3). Data Quality Improvement. Third, we utilize two methods to improve the data quality of XLOR2 by 
performing cross-lingual knowledge validation. The goal here is to predict whether the subClassOf 
relation between two concepts is correct and whether the instanceOf relation between an instance 
and a concept is correct. In addition, to make the best of unintegrated instances, we utilize a fine- 
grained type inference method to find their missing types. 

4). Application. Finally, we construct an online system XLORE2, along with a bilingual entity linking 
application XLink which uses XLORE2 as the primary datasource. 


In the following sections, we will describe each part of this system in detail. 
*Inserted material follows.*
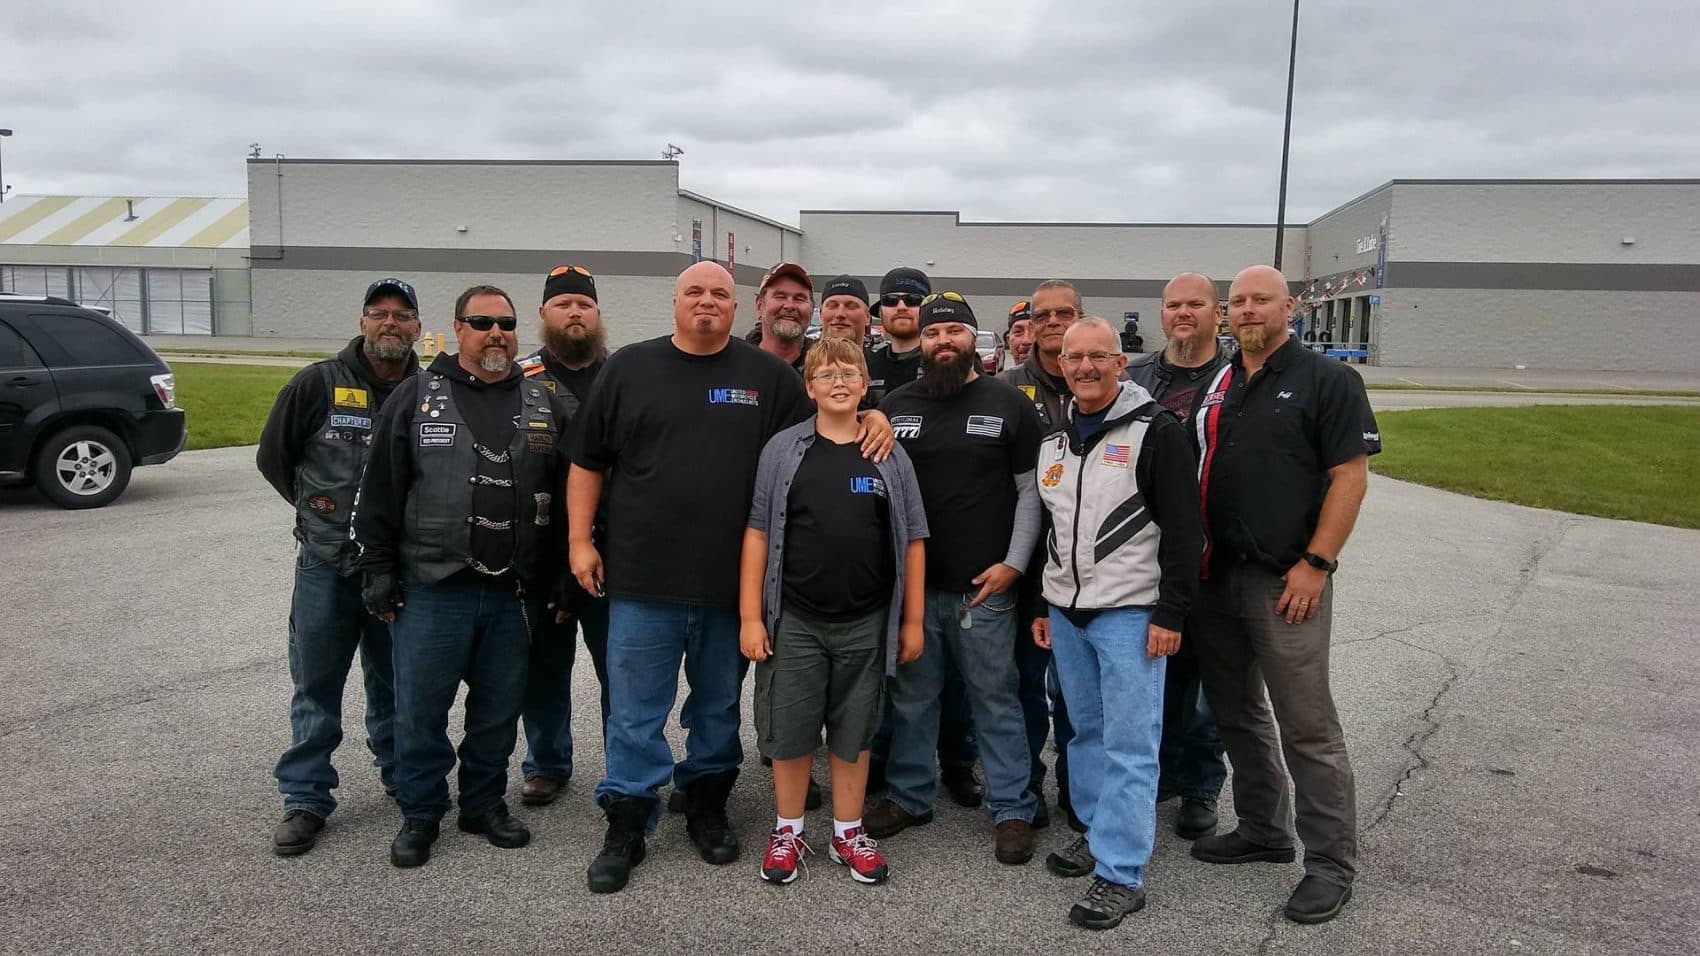 Phil Mick, center, with Brent Warfield, fourth from left, and other bikers who came to escort him to school. (Courtesy of Brent Warfield)

4. CROSS-LINGUAL KNOWLEDGE GRAPH BUILDING 


Existing cross-lingual links between English and Chinese is limited. As such we perform cross-lingual 
knowledge linking, cross-lingual property matching and cross-lingual taxonomy alignment to find more 
cross-lingual links. This not only globalizes the knowledge sharing of different languages on the Web, but 
also serves to benefit many online applications by facilitating information retrieval and machine translation. 


4.1 Cross-Lingual Knowledge Linking 


Problem. XLORE2 contains 4.7 million English instances and 10 million Chinese instances. There are 
currently only 424,000 cross-lingual links between instances of the two languages. One important task 
required to expand knowledge linking is to discover new links between instances in different languages 
that are “equivalent” and describe the same thing. If two instances semantically describe the same subject 
or topic then we can say that they are equivalent. Automatically discovering cross-lingual links between 
instances in different languages can largely enrich the cross-lingual knowledge and facilitate knowledge 
sharing across different languages. Figure 2 shows an example for cross-lingual knowledge linking. The 
instance “Anaerobic exercise” is in English and the other instance “742224” is in Chinese. There is not a 
cross-lingual link between them. However, in cross-lingual knowledge linking, our goal is to find an 
equivalent instance in Chinese for the English instance “Anaerobic exercise” in XLORE2. In order to find 
the equivalent relations between instances, it is helpful to consider different kinds of information. Figure 2 
highlights some useful information in the two instances including textual, linkage and semantic information. 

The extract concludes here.